The group's history begins in 1962 near the ruins of Howth Abbey, when it was founded by Abbey Tavern owner Minnie Scott-Lennon, who decided to add a sing-along music attraction to her establishment. The idea was immediately successful, and as the group became locally popular an album was released on Pye Records in 1965.

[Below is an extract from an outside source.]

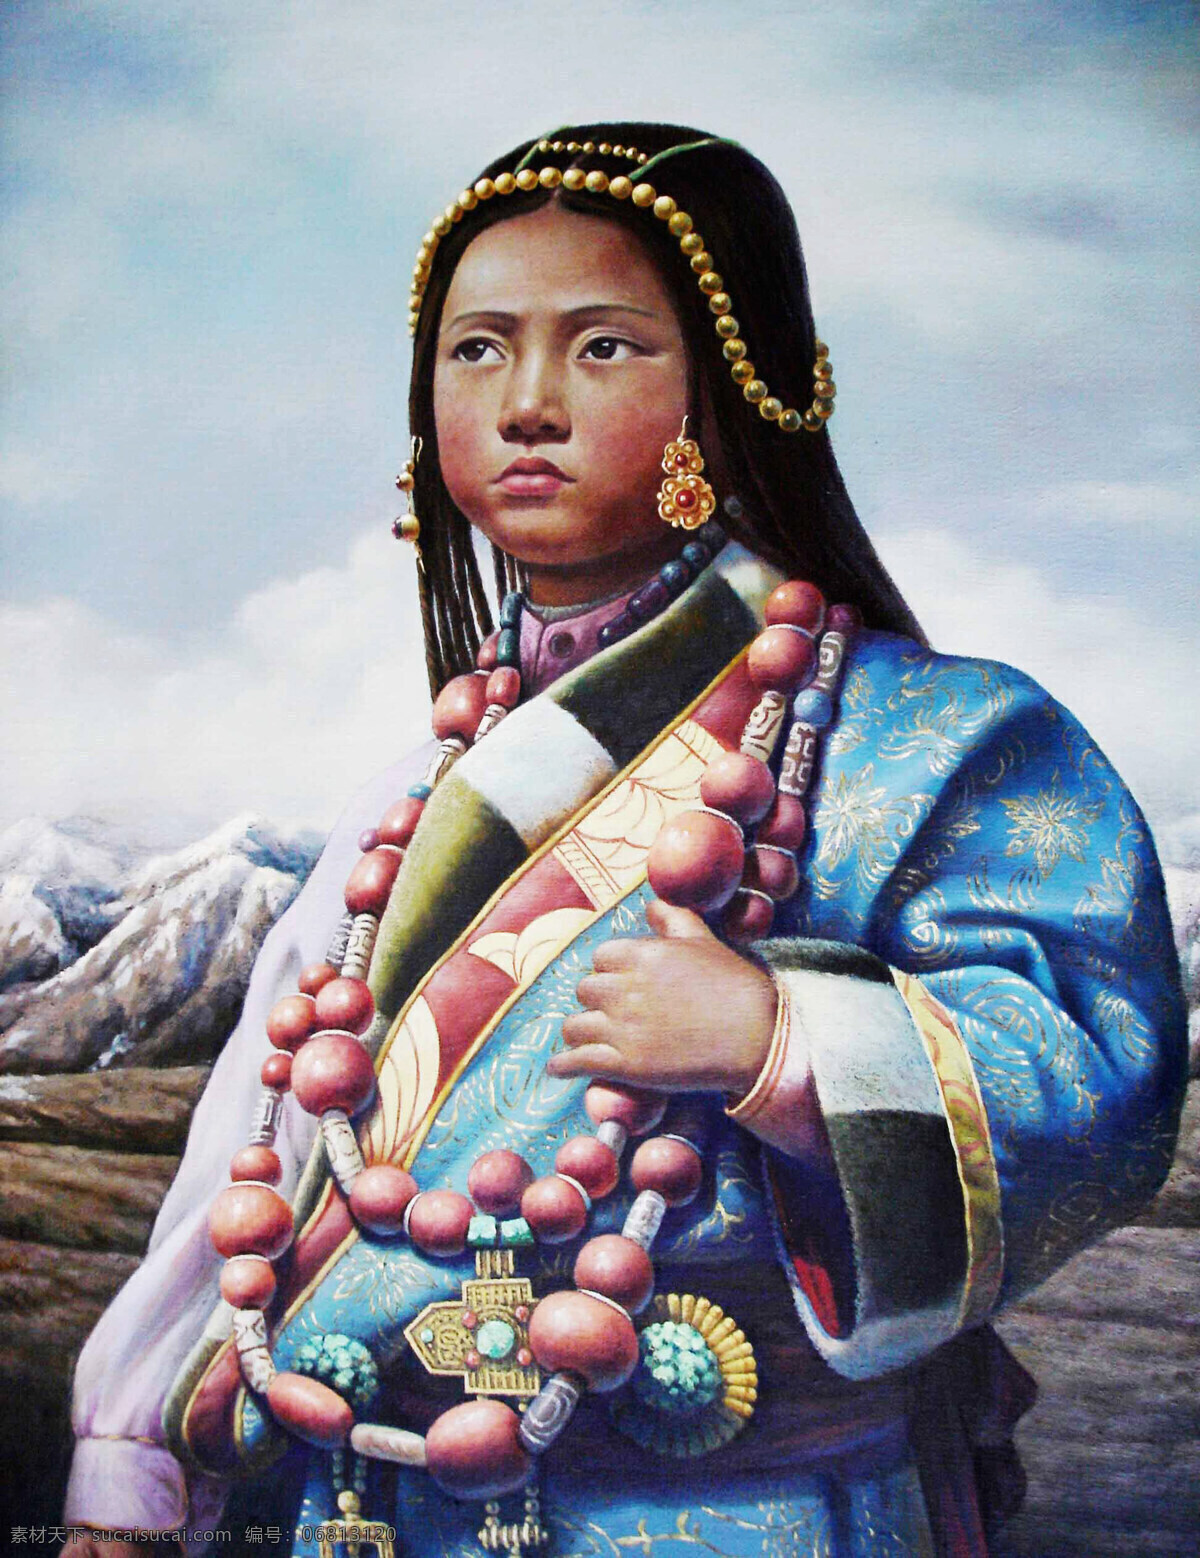 藏族小女孩 美术 绘画 油画 色彩画 人物画 女人 少女 小姑娘 动作 表情 姿势 服装 发型 雪山 油画艺术 油画作品6 绘画书法 文化艺术
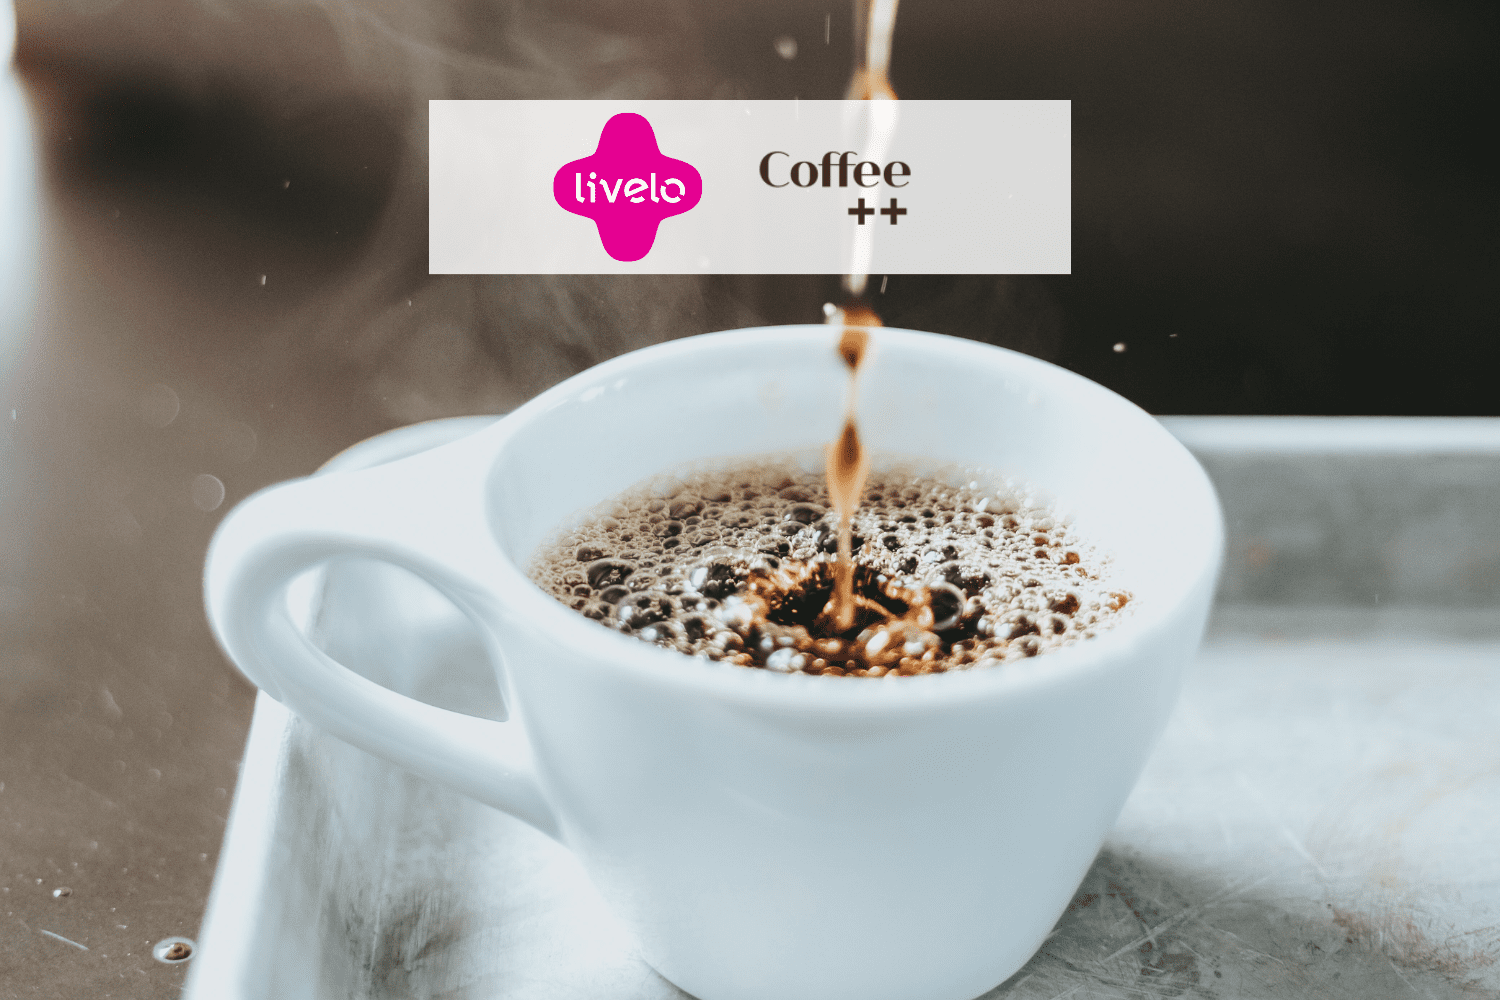 xícara de café servida com logo Livelo e Coffee++ 10 pontos Livelo

===We're off to Dublin in the Green===
A song entitled "We're off to Dublin in the Green" was used by Carling Breweries Ltd in an international television advertising campaign. The song is an IRA marching song dating back to approximately 1916. Using the soundtrack from the commercial, the song was released on Canada's Arc Records and became extremely popular in Canada, reaching No. 2 on Canada's CHUM Charts and selling close to 150,000 copies in Canada within the first year of release. It was a surprise hit, partly because of relatively poor sound quality, partly because of the song's ties to the IRA, and partly because of its association with an alcoholic beverage. It was also released in the United States, on Hanna-Barbera Records where it charted on the Billboard Hot 100, peaking at No. 94 staying for two weeks and on the "Easy Listening" charts at No. 40. "Off to Dublin in the Green" spent five weeks on the Cashbox Top 100 chart, with a peak at number 68. Not wanting to take sides politically, the B-side was a song of the Orangemen, "Captain of the Gallant Forty Twa," which was also featured in beer commercials. Carling Black Label reported increased market share following the release of the advertising campaign and the song's subsequent popularity. Because it was the best selling Irish record in Canada, Mrs. Scott-Lennon was presented with a Trophee International Midem.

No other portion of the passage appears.